Русские относились к блокаде более философски, чем к своим неудачам в Крыму, однако вели себя во многом подобно маленькому мальчику, который мстит большому, корча ему рожи. Некоторые из их карикатур на неприятелей были весьма удачны. К счастью для подобных художественных усилий, британцы предоставили им прекрасную возможность годом ранее, когда сир Чарльз Нейпир, командующий балтийским флотом, произнес хвастливую речь на публичном обеде в Лондоне и пригласил слушателей пообедать с ним в Санкт-Петербурге, а сам вернулся в Англию после лета у стен Кронштадта, даже не взглянув на российскую столицу.

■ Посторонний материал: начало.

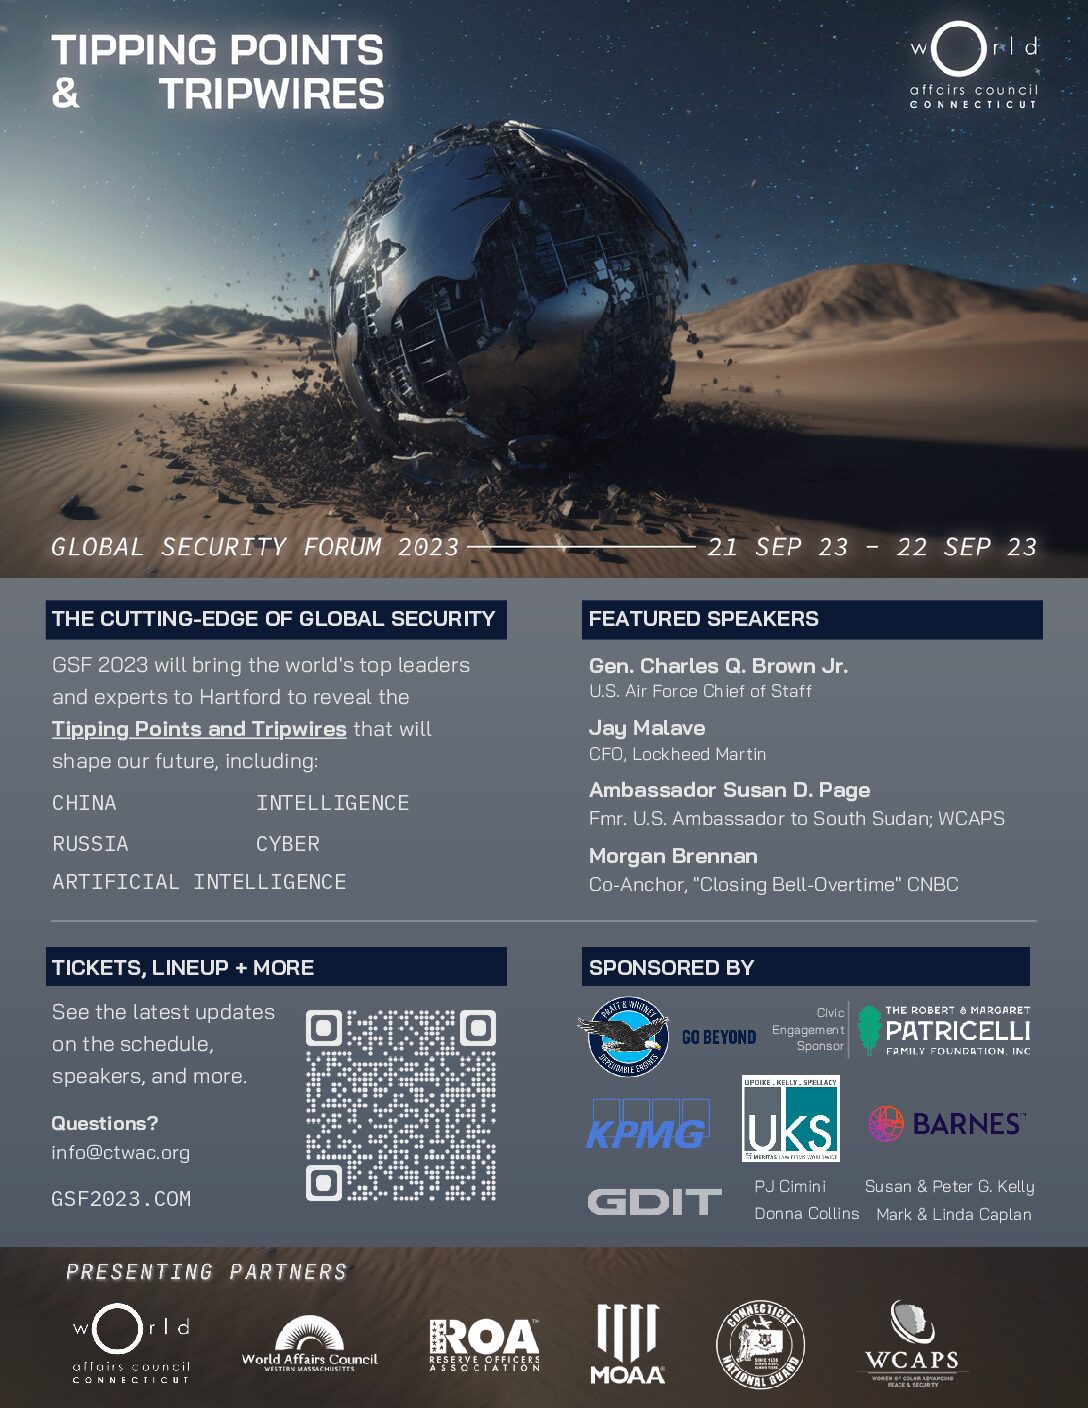 Partner Event: Global Security Forum 2023: Tipping Points & Tripwires

Я являюсь обладателем весьма обширной коллекции исторических карикатур всех стран, и среди них едва ли найдется более живая и комичная, чем та, что изображает сира Чарльза на мачте одного из его фрегатов в попытке разглядеть в подзорную трубу купола и шпили Санкт-Петербурга: ее не превосходят ни лучшие работы Гилрея, ни «H. B.», ни Гаварни или Домье, ни самые яркие вещицы в «Punch» или «Kladderadatsch».
Некоторые другие русские начинания по поддержанию общественной бодрости духа выглядели менее законными. Среди крестьян в огромных количествах распространялись лубочные картинки грубой работы, изображавшие британских и французских солдат, оскверняющих церкви, грабящих монастыри и убивающих священников.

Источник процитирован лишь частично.